### EXERCISE MATERIAL
┏━━
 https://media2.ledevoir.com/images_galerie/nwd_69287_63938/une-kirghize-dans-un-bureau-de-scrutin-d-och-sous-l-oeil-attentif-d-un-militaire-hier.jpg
┗━━
┏━━
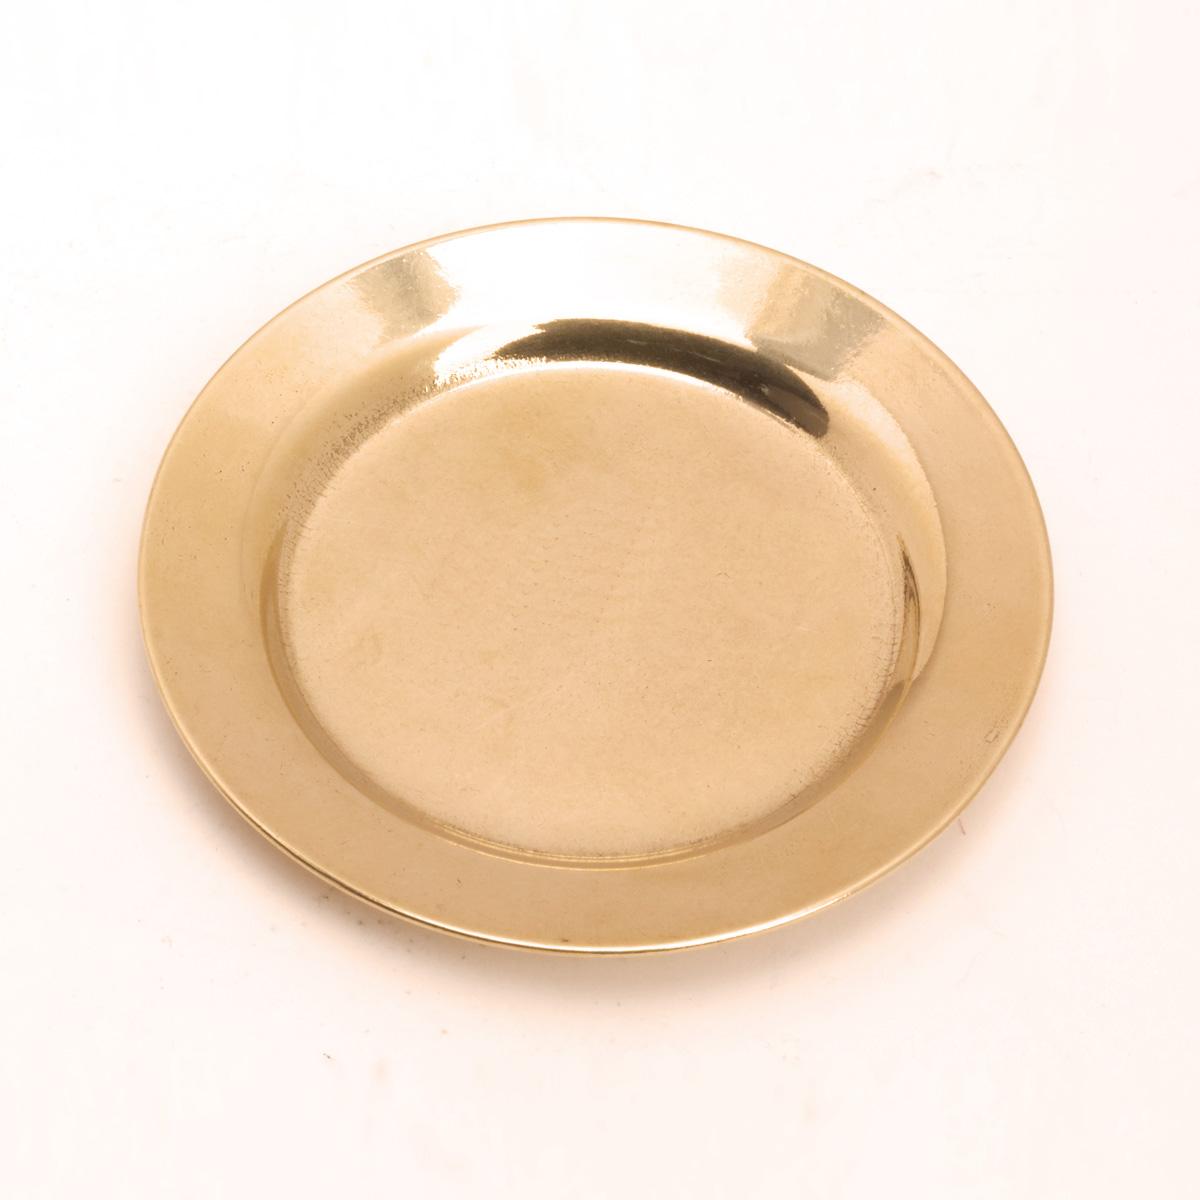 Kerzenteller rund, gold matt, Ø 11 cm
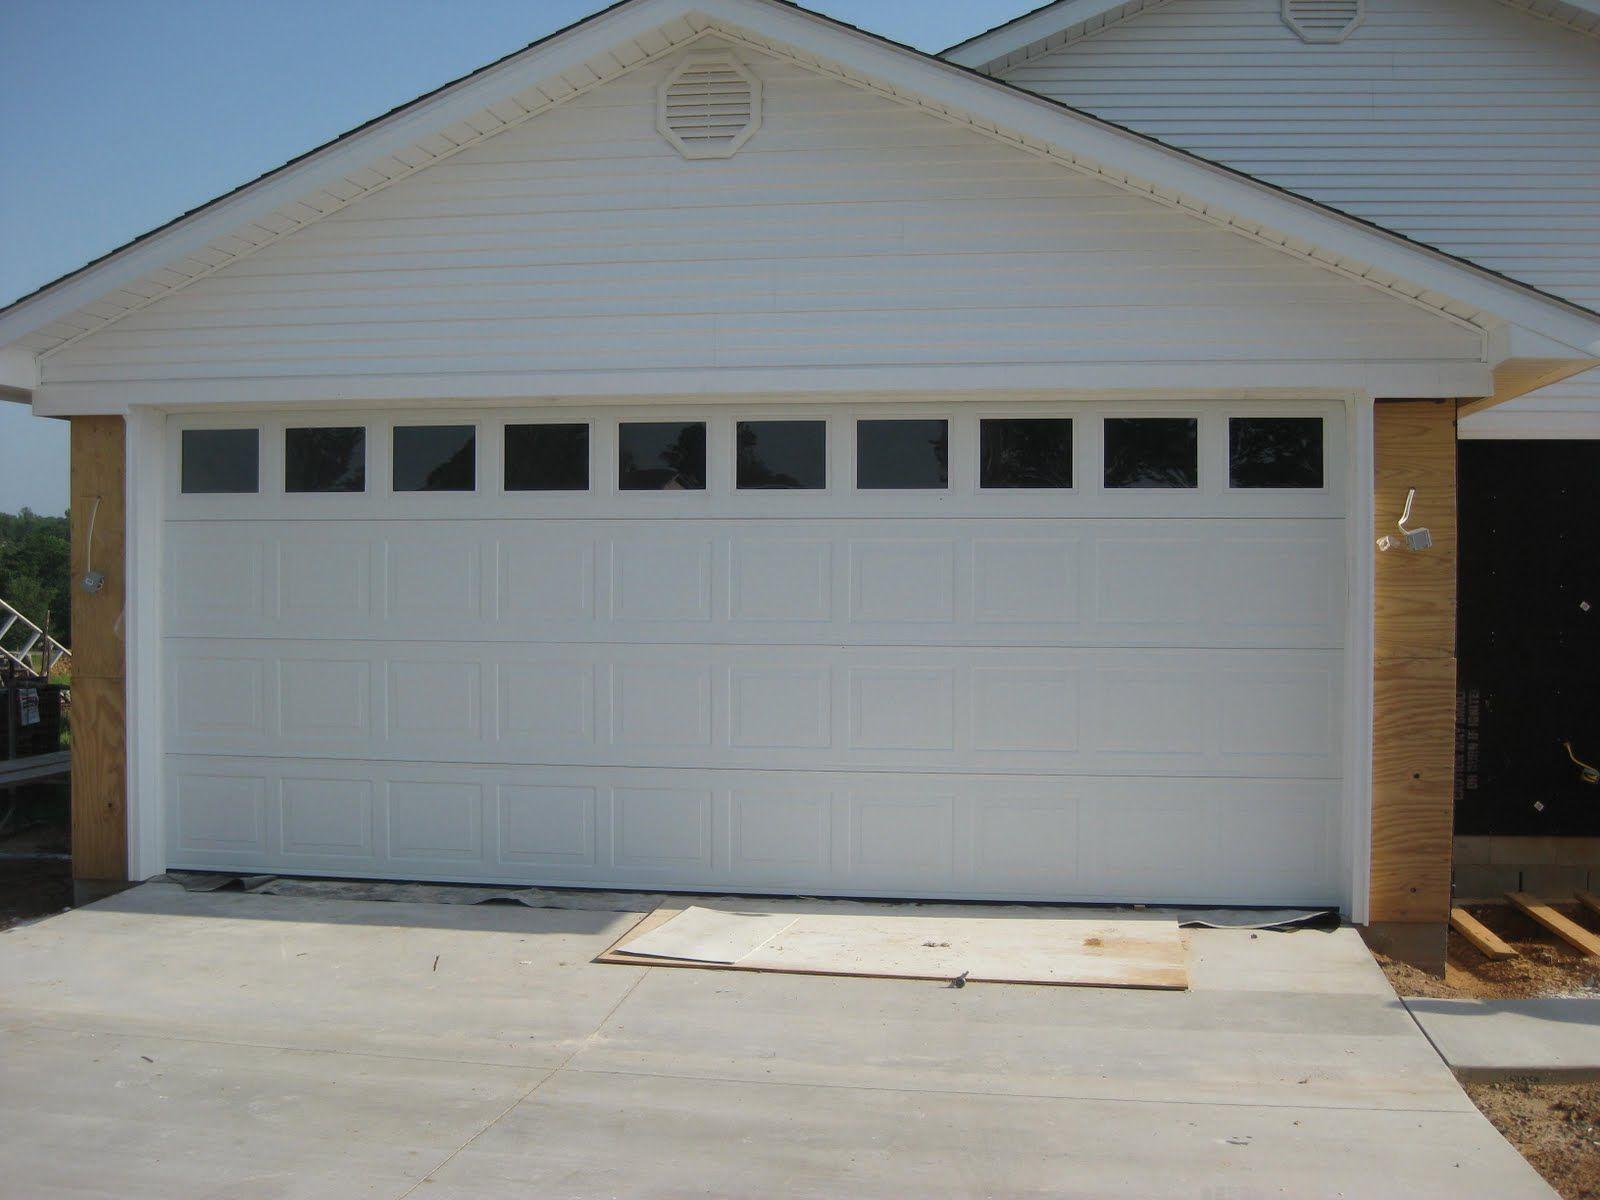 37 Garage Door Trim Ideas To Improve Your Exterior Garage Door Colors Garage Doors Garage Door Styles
┗━━
### WORK TO BE COMPLETED
Within the entries above, the lines from the one containing "Kerzenteller rund, gold matt, Ø 11 cm" through the one containing "37 Garage Door" are to be transcribed exactly, ends included, pictures excluded.

### SOLUTION TO THIS PROBLEM
 Kerzenteller rund, gold matt, Ø 11 cm
 37 Garage Door Trim Ideas To Improve Your Exterior Garage Door Colors Garage Doors Garage Door Styles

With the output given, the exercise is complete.